Projet d'attentat contre Macron : une cheffe de file présumée des "Barjols" a été mise en examen

Projet d'attentat contre Macron : une cheffe de file présumée des "Barjols" a été mise en examen
Le président de la République, Emmanuel Macron.

, publié le samedi 07 novembre 2020 à 15h59

Une aide-soignante à la retraite, soupçonnée d'être une cheffe de file des "Barjols" a été mise en examen vendredi 6 novembre pour "association de malfaiteurs terroriste criminelle".
       
Est-elle "l'instigatrice" des "projets" des "Barjols", ce groupe hétérogène proche de l'extrême droite identitaire, dont certains membres sont soupçonnés d'avoir voulu commettre une action violente contre le président Emmanuel Macron ? Une aide-soignante à la retraite a été mise en examen vendredi 6 novembre pour "association de malfaiteurs terroriste criminelle", a appris l'AFP samedi de source judiciaire.

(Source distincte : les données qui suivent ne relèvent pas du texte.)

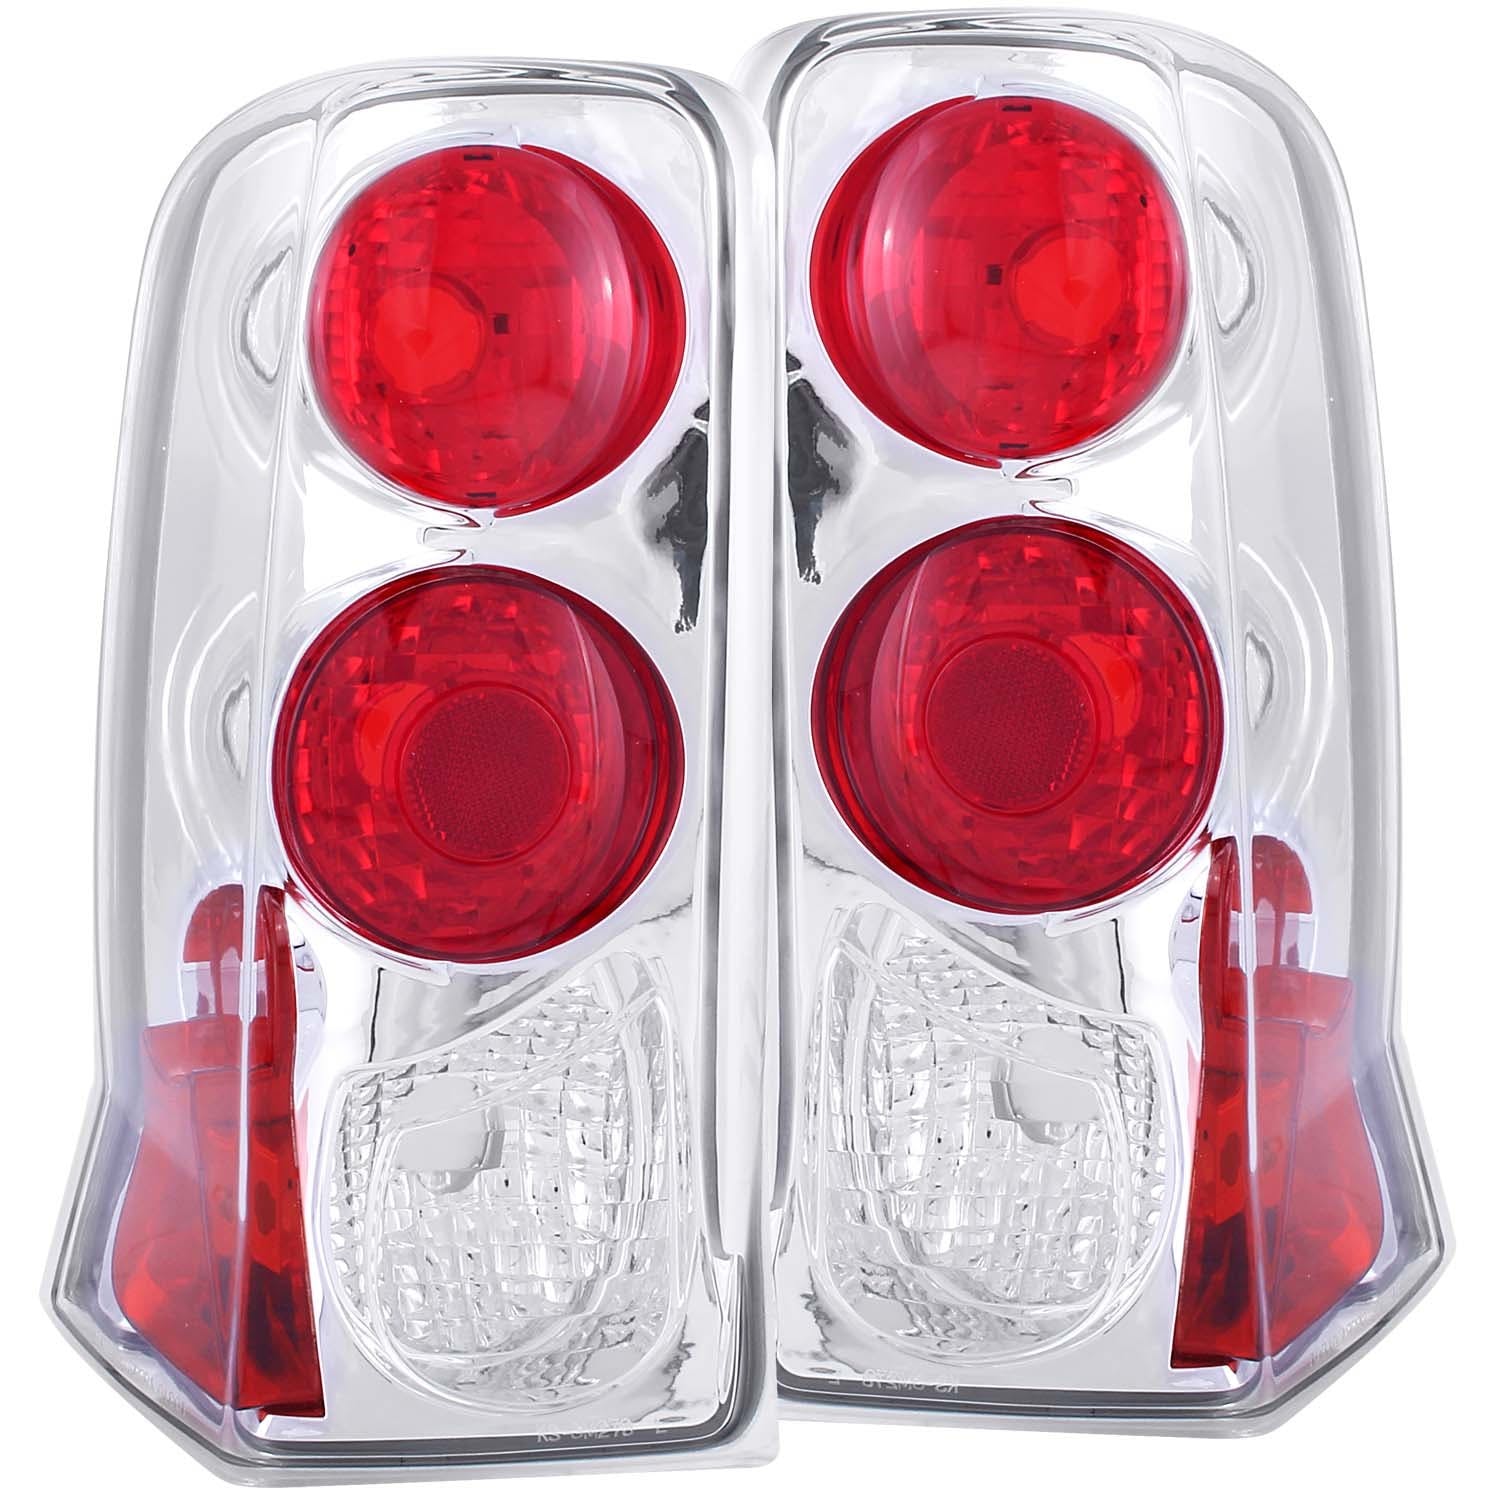 AnzoUSA 211011 Taillights Chrome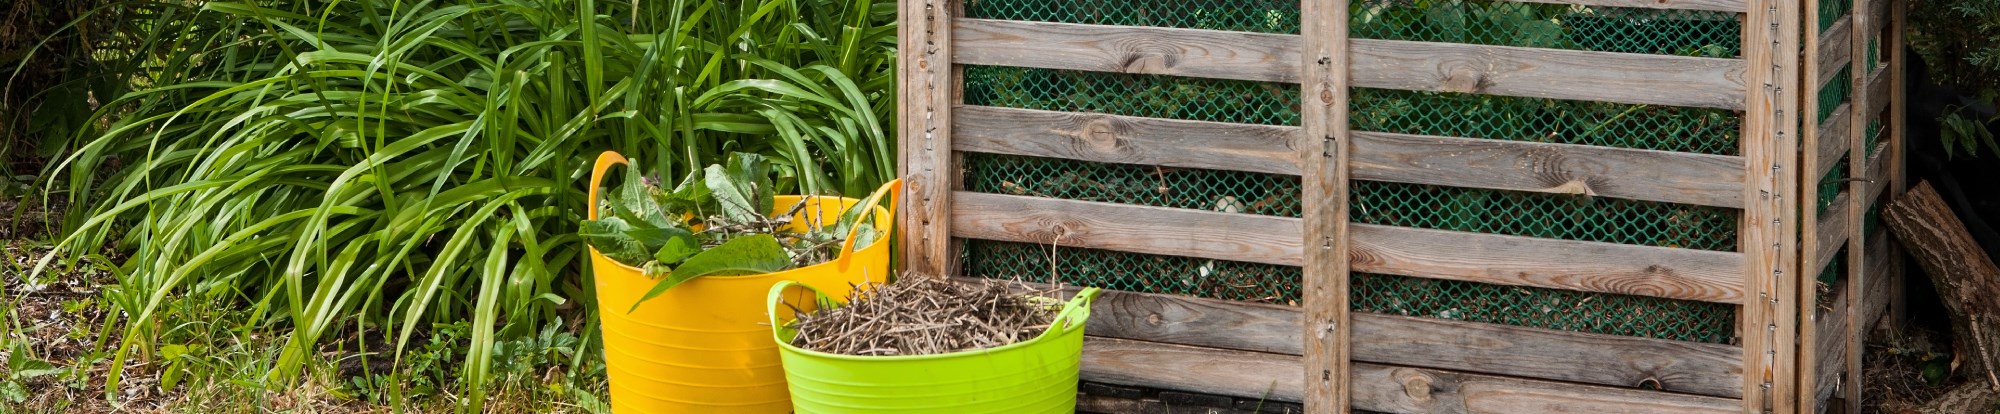 Composters and Garden Bins

Selon Le Point, qui avait révélé cette arrestation, c'est un homme, déjà interpellé dans le cadre de l'enquête visant le groupe, qui l'a dénoncée. Il l'accuse d'être "l'instigatrice de leurs projets", toujours d'après l'hebdomadaire.

Cette cheffe de file présumée du groupe a été interpellée mardi par la DGSI et présentée vendredi à un juge antiterroriste qui l'a mise en examen.

Elle a ensuite été placée sous contrôle judiciaire. D'après Le Point, son profil Facebook "annonce la couleur". "Un zoom sur ses yeux bleus en surimpression surmonte un cœur formé d'armes à feu : des revolvers, des pistolets, un ou deux fusils et une grenade", détaille l'hebdomadaire.

Neuf personnes mises en examen

Ce groupuscule a été créé en septembre 2017, après l'élection d'Emmanuel Macron, avant d'être démantelé en novembre 2018.

Au total, neuf personnes sont à ce jour mises en examen dans cette affaire, selon un décompte de l'AFP. En novembre 2018, quatre hommes, âgés de 22 à 62 ans, avaient été mis en examen pour "association de malfaiteurs terroriste criminelle" et détention d'armes non autorisée en relation avec une entreprise terroriste. Deux autres hommes, interpellés un an plus tard en Moselle, avaient également été mis en examen.

Un membre interpellé en possession d'un poignard

Les enquêteurs avaient précipité les arrestations en apprenant que l'un des hommes, Jean-Pierre Bouyer, retraité isérois, s'était déplacé dans l'est de la France où Emmanuel Macron se trouvait pour son périple mémoriel sur le centenaire de la fin de la Grande Guerre. Lors de son interpellation en Moselle, celui qui animait pour l'Isère la page Facebook des "Barjols", était en possession d'un poignard.

Début octobre, un avocat de la défense confiait à l'AFP : "C'est un dossier d'opportunité gonflé par les services" qui "ont surinterprété des propos incendiaires de gens révoltés mais qui n'avaient aucune réelle intention de projeter un attentat contre le président".